Labor have made their position clear on education, climate change, the GST, superannuation concessions, family tax benefits, education, Sunday penalty rates, infrastructure, multi-national tax avoidance, marriage equality and a more humane approach to Asylum Seekers.
The Coalition’s policies are essentially those of the neo-liberals, deregulation of business; privatization of public activities and assets; elimination of, or cutbacks in, social welfare programs; reductions in aged pensions, pay-as-you-go health care, increases in the GST and reduction of taxes on businesses and the investing class.
The right wing think tank, the IPA (Institute of Public Affairs), has a policy list also, some of which Tony Abbott has already implemented. But they go much further than anything the Coalition is planning this side of the election.
What we can never be sure of, is how much of the IPA’s agenda is also on the Coalition agenda to be introduced after the election.
But the big issue will be the economy. How is it all going to be paid for? This is where both parties fall over. They are both hopeless, Labor less so, but with some preferential treatment from the MSM, it is likely the Coalition will sound the more convincing.
The Coalition have failed miserably with the economy, they know it, and their only defence is to say that it would be much worse under Labor. And they always punish the most vulnerable when things go wrong.
Labor should pay closer attention to what’s happening in the United States.

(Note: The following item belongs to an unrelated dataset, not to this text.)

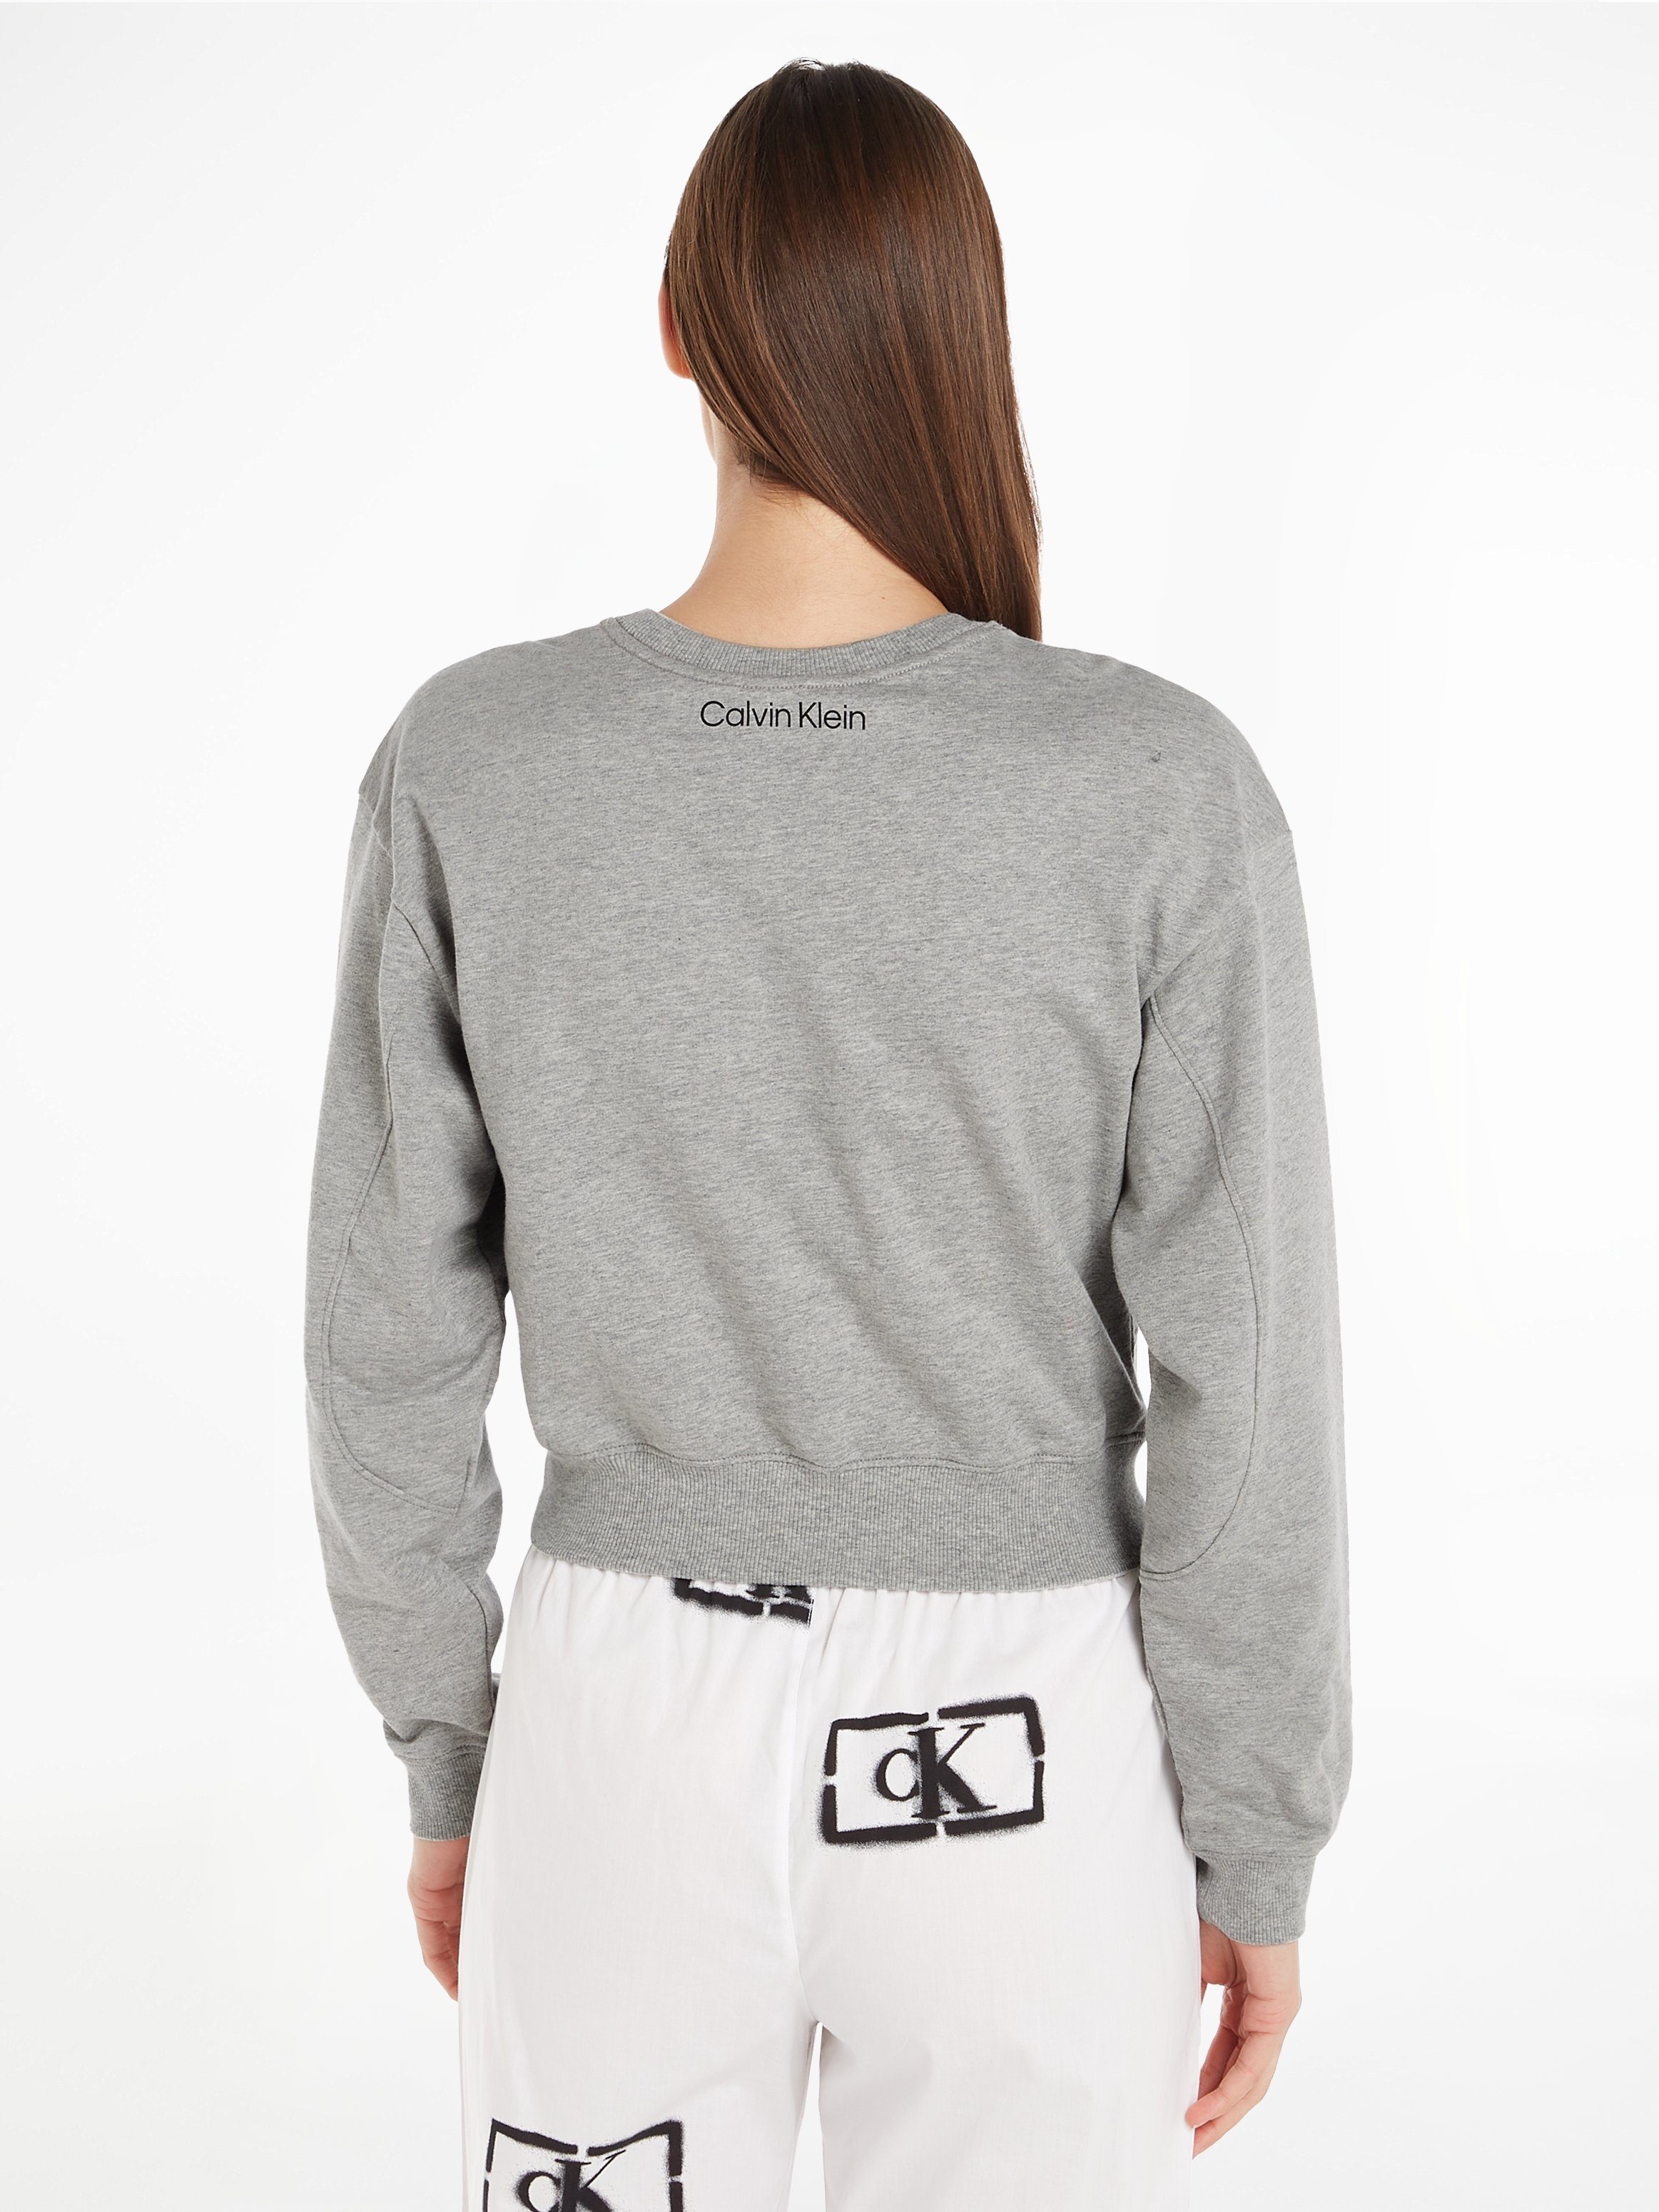 Klein L/S SWEATSHIRT Underwear Calvin im Cropped-Design Sweatshirt

With almost no support from mainstream media, Democrat underdog Bernie Sanders has ripped through all barriers and reached the heartland of America. His message is simple enough: to restore equality.

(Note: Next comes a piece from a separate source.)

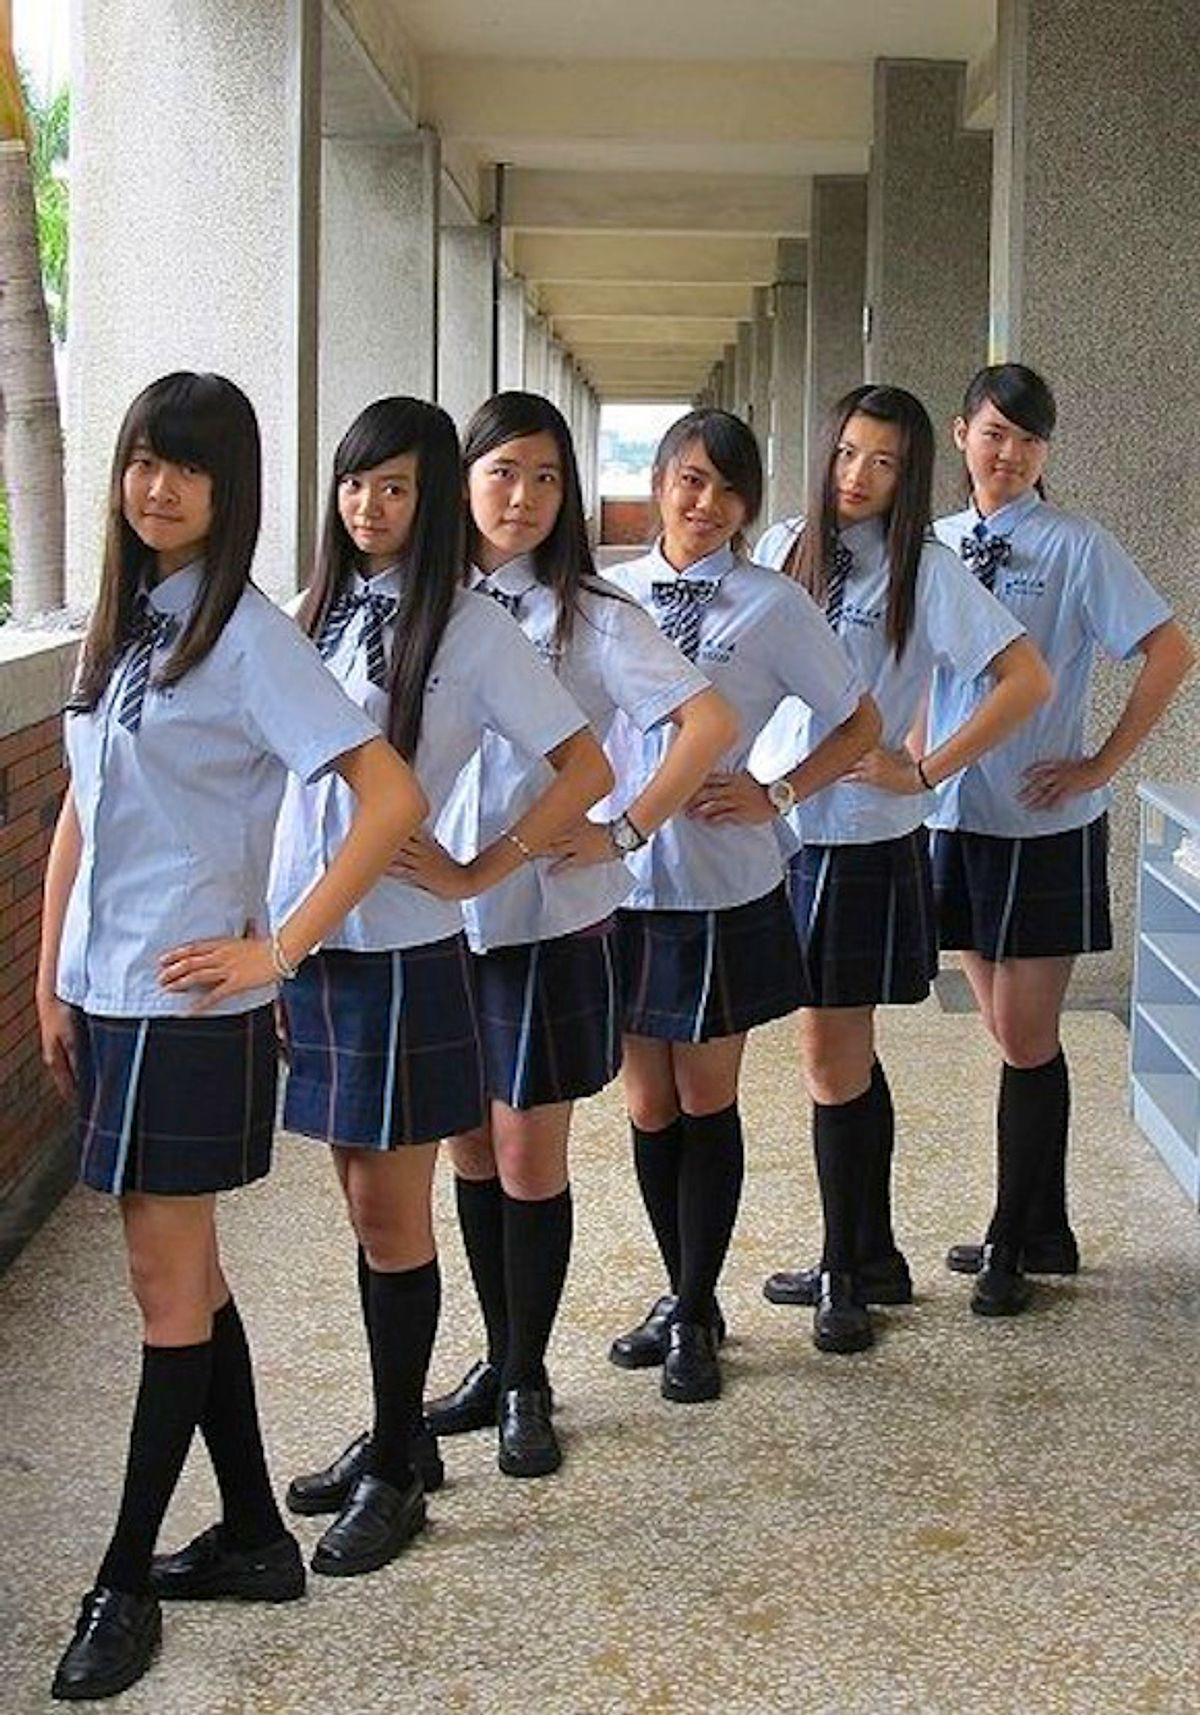 Schoolgirls forum

His success has come because he is not beholden to the establishment. He has no baggage. He has attacked the banks, the media and demonstrated to Americans that the word ‘socialism’ is not to be feared. They are listening because most now realise they have been the victims of capitalism, its greed, its destructive power, its enslavement.

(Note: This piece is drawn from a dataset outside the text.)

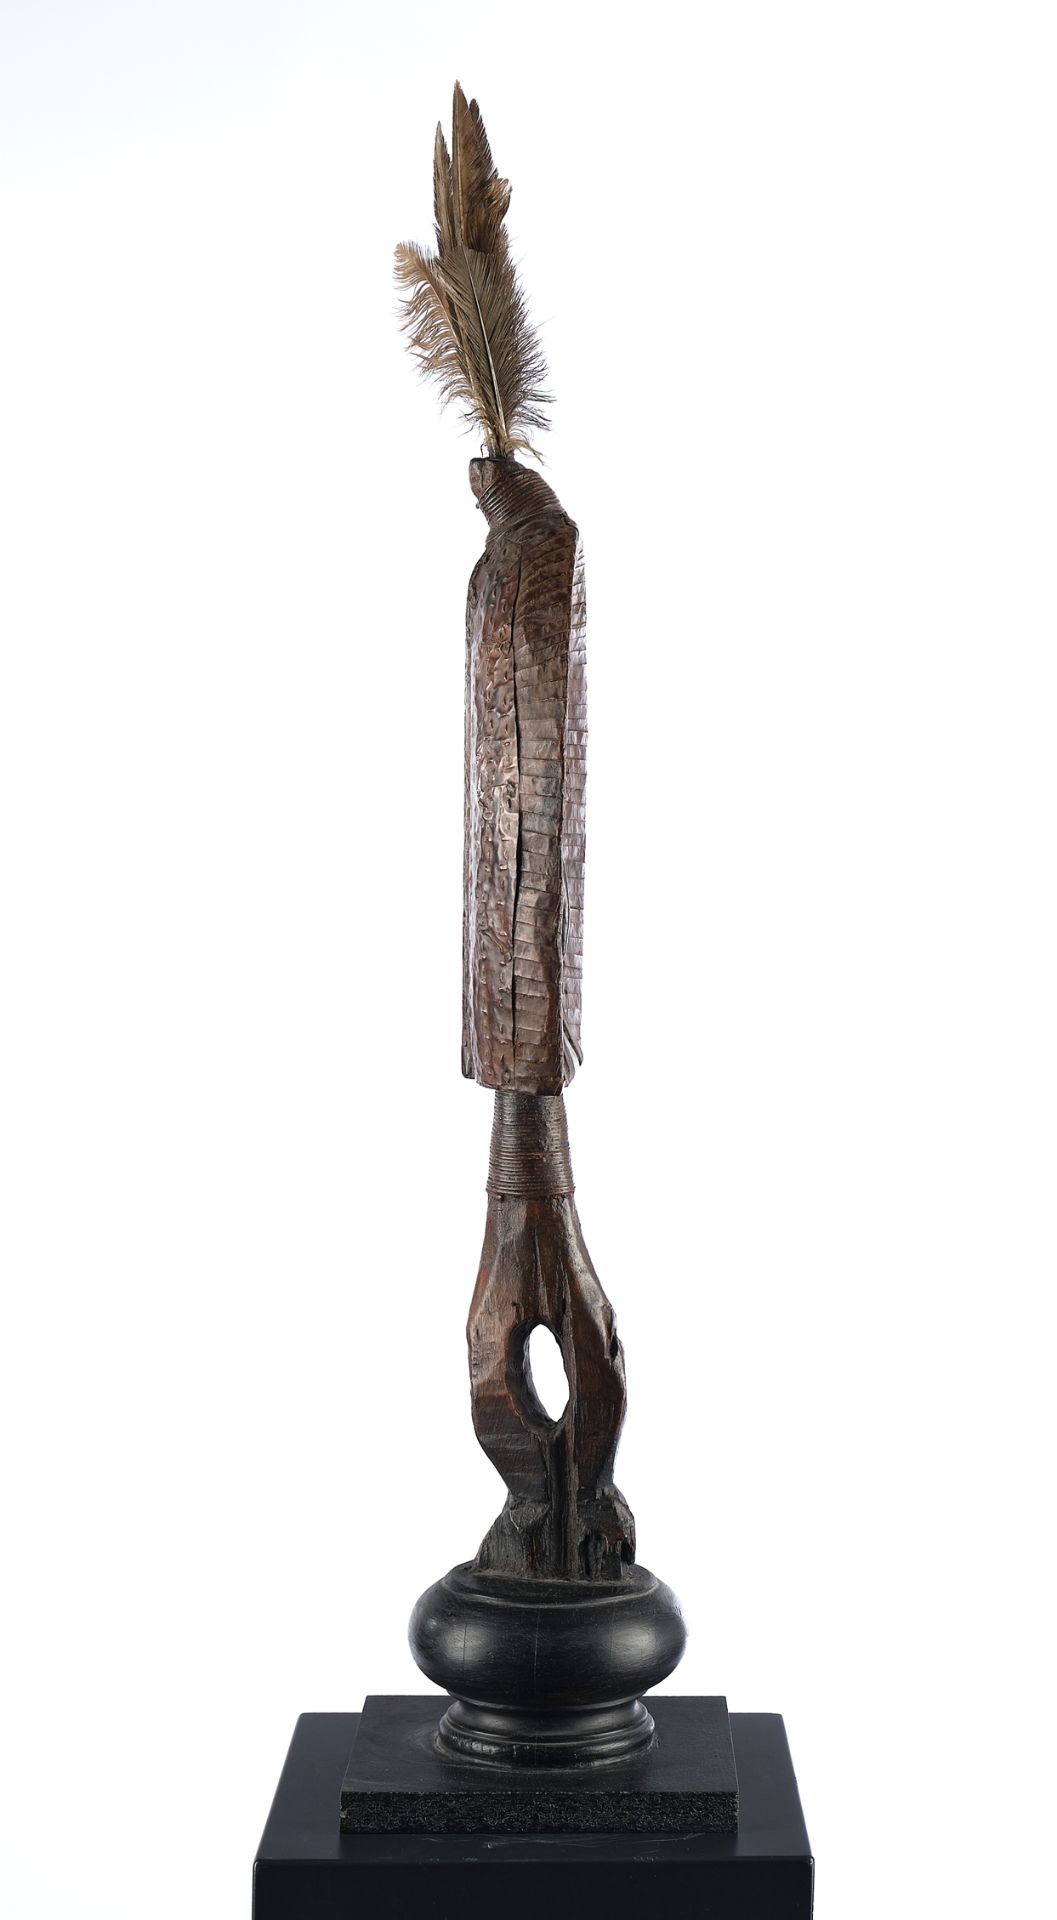 Reliquienfigur, Mahongwe, Gabun, Afrika, Grabwächter aus Holz, mit Metallstreifen und Blech belegt, - Bild 2 aus 4

Australians are victims too. Our living standards are in decline, inequality is increasing. Every act, so far, by the Coalition government has increased that inequality. They have demonstrated all too clearly that they govern for their masters, the corporate sector, the mining industry, the banks, the finance houses.
Labor needs to return to its roots: the people. Bernie Sanders has shown the way. The people are listening to him. They will listen to a caring, people-orientated leader who promises to return to them what has been taken away; to protect our world class health system, make education more affordable, make business pay its fair share of tax.
Labor’s advantage will be that debt and deficit will hardly be mentioned. The Coalition have demonstrated they can no more manage a national economy than manage their own internal affairs.
And they have increased the “debt” by 40% since coming to office. They can no more produce a surplus budget or project when they might. We are victims of their hyperbole.
This election, we should ignore the negative wedging, the sound bites, and the trivial distractions. We should demand an end to the hyperbole and ask for nothing more than to restore equality. Good luck with that.